What went wrong was that the engine didn’t shut down again.
To this day, no one knows exactly why that happened. The instruments worked fine, there were no shorts in the wiring, and before you ask, no, there wasn’t any indication of human error. The best theory is that a valve stuck in the locomotive’s primary ignition chamber, causing the engine to keep firing even after the pilot sent a signal up the wire for the engine to shut down.
We’ll probably never know for sure. Whatever the reason, it remains one of three unsolved mysteries behind the wreck of the No. 4.
I realized we were in trouble when the train remained under thrust longer than it should have. I’d ridden the train enough times to know that there’s a distinct series of events that must occur during a successful flight, and if any of them doesn’t occur when it’s supposed to, it means that something is seriously screwed up. So when we still had 1-g in the car after the sixty-second period of the translunar engine burn, I unsnapped my seat harness and skedaddled up to the control room.
Floyd, Rich, and Joe were all over the instrument panels wh
en I came in. No one was panicking—they were too well-trained for that—but they weren’t taking it lightly either. So I grabbed a safety rail and watched as they tried to correct the problem, until Floyd finally managed to engage the stand-by system and shut down the engine.
By then, it was too late. The locomotive had been firing for just over three minutes, and thus our velocity was almost sixty percent higher than it should have been. That meant two things. First, the fuel reserve was depleted by nearly one-quarter; we’d reach the Moon, but we wouldn’t have enough fuel to get home. Second, our higher speed would cause us to reach our destination sooner than anticipated…and when Rich pulled out his slide ruler and ran the numbers, his recalculations showed us that the train would no longer slingshot around the Moon, but hit it straight on.

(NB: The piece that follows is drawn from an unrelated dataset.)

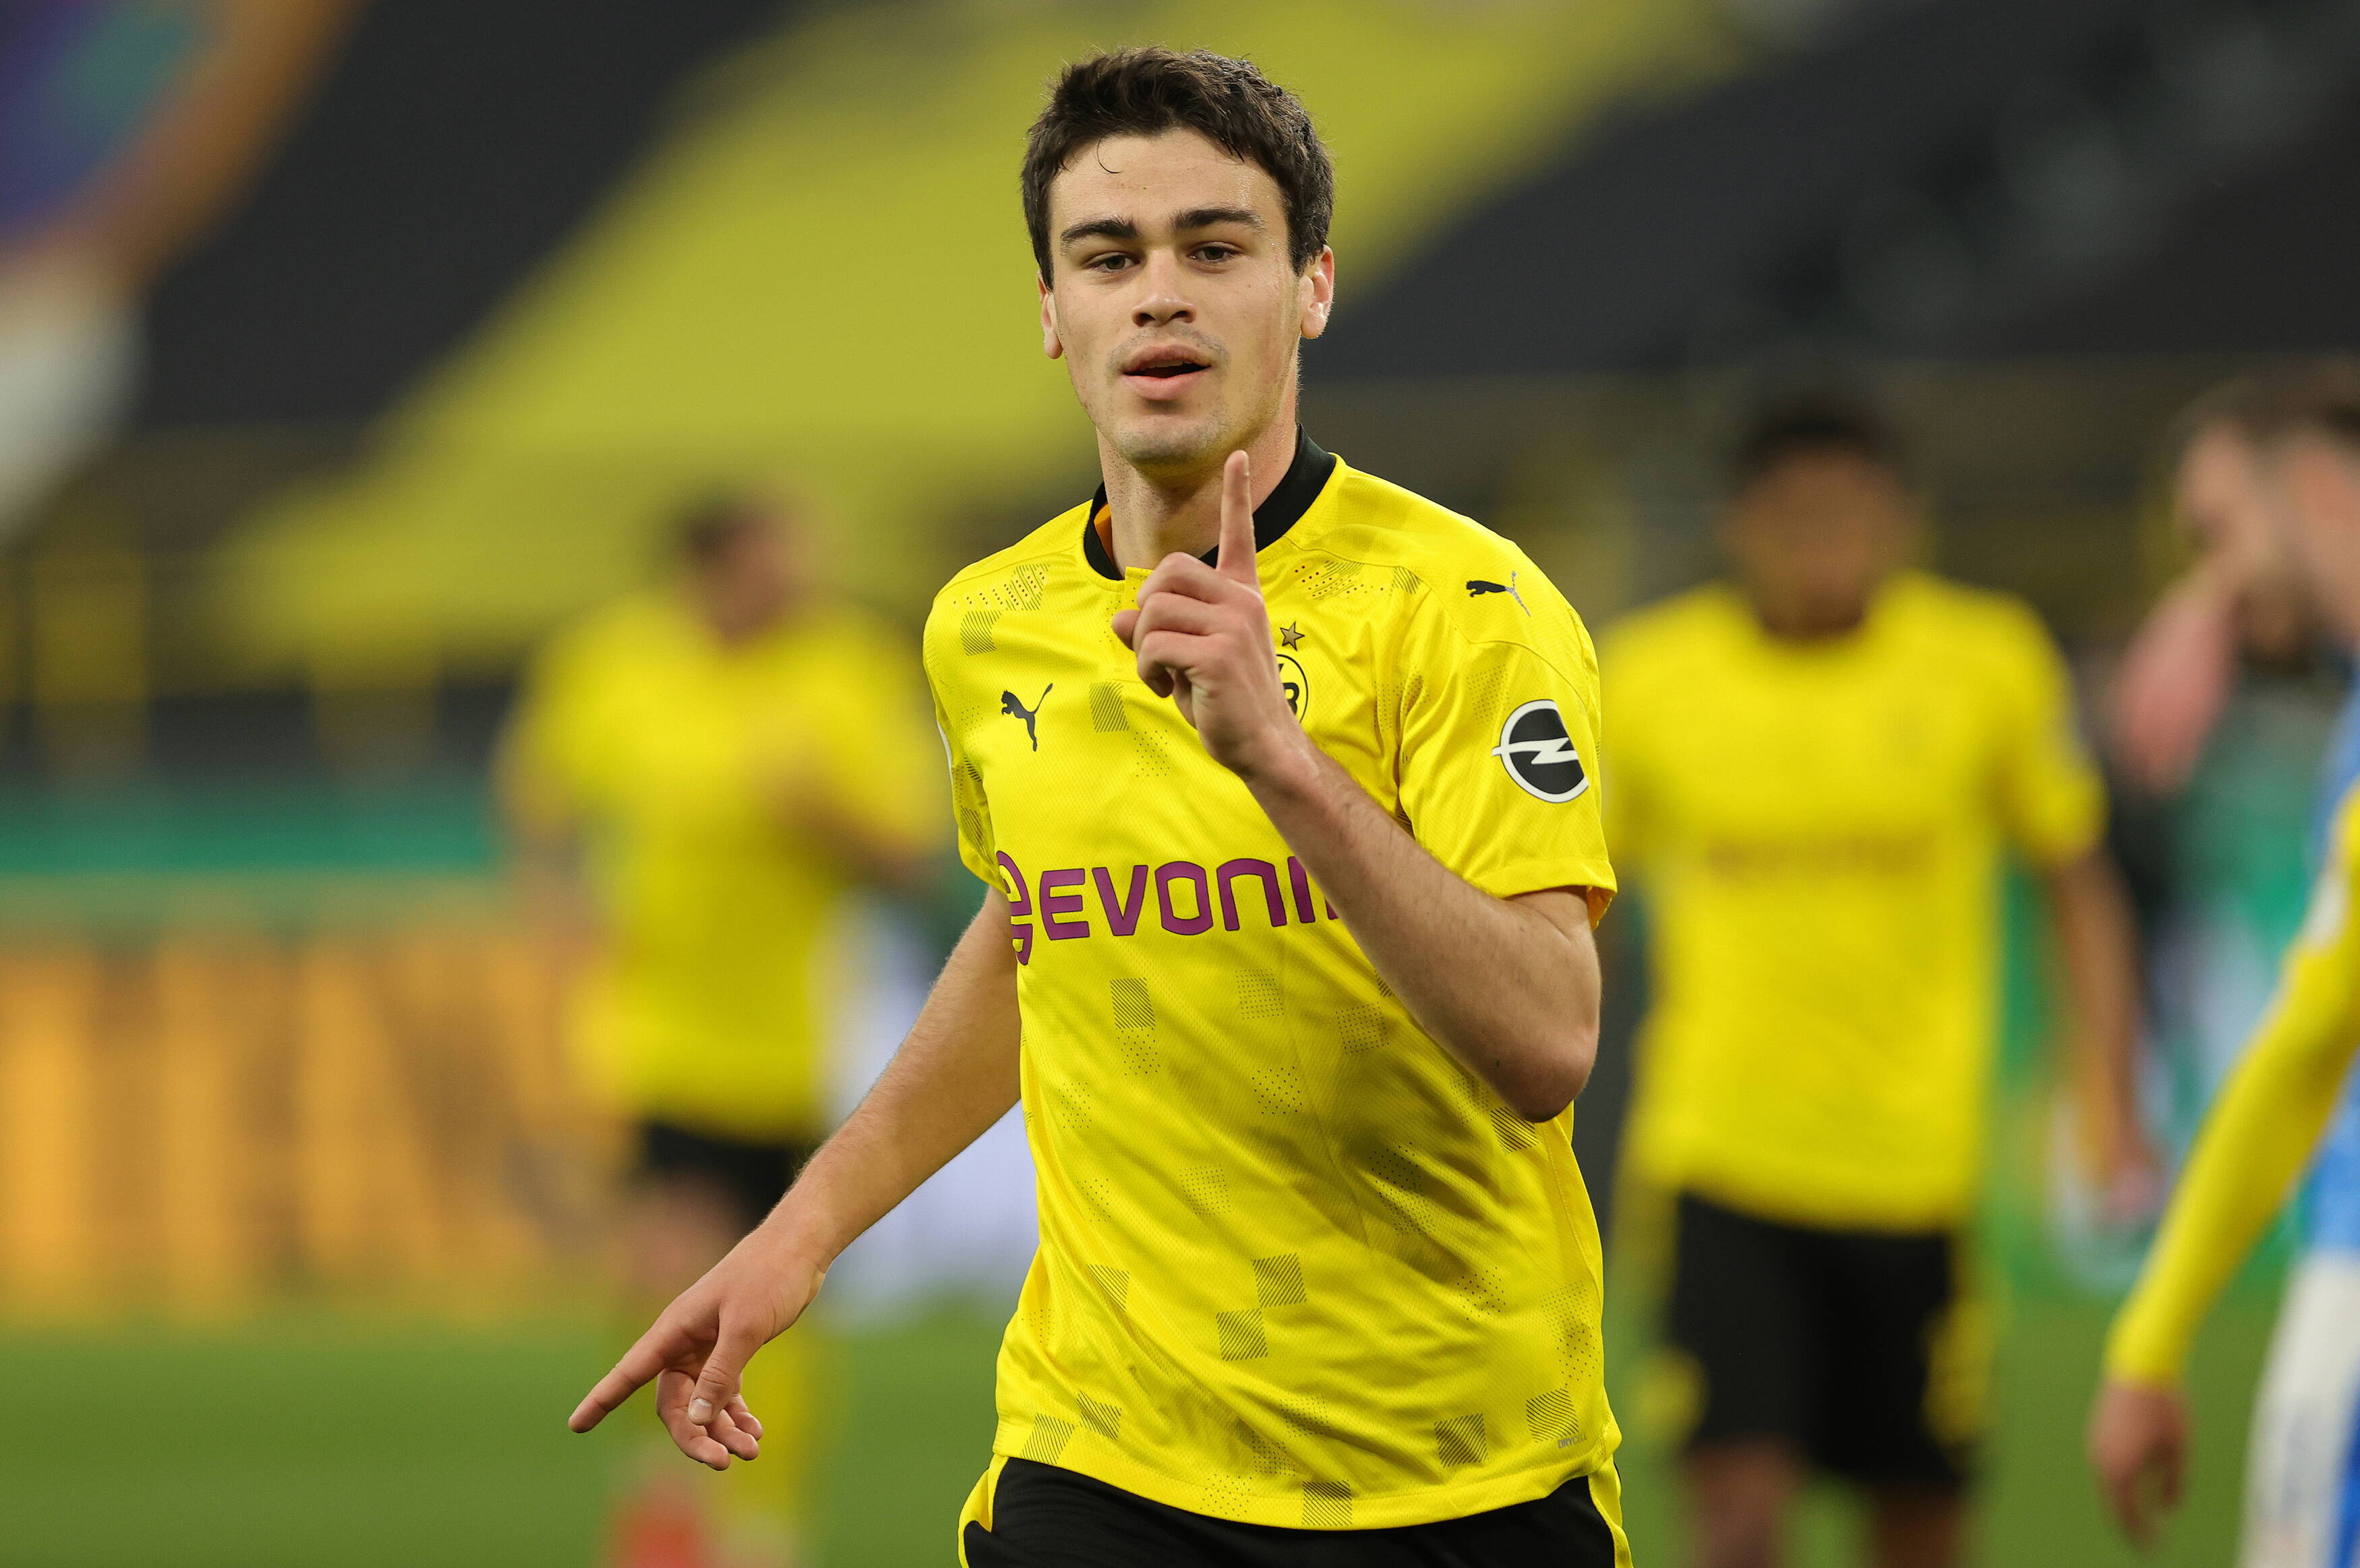 Chelsea’s Christian Pulisic comments on the potential of Borussia Dortmund’s Giovanni Reyna

Fortunately, this sort of accident had been anticipated. The operations manual laid out the abort procedure: uncouple the car from the locomotive, then use the retro-rockets to send it back to Earth for emergency re-entry. Floyd radioed back home to tell them what was going on, and he hit the switch that would detach the tow cables and release the car.
And nothing happened.
This is the second unsolved mystery: why did the release mechanism fail? A lot of people think that it can’t be a coincidence, and over the years I’ve heard quite a few conspiracy theories. Everyone from the Germans to rival space companies to alien invaders have been blamed. Personally, though, I don’t believe sabotage was involved. Bad luck happens sometimes, not just once but twice.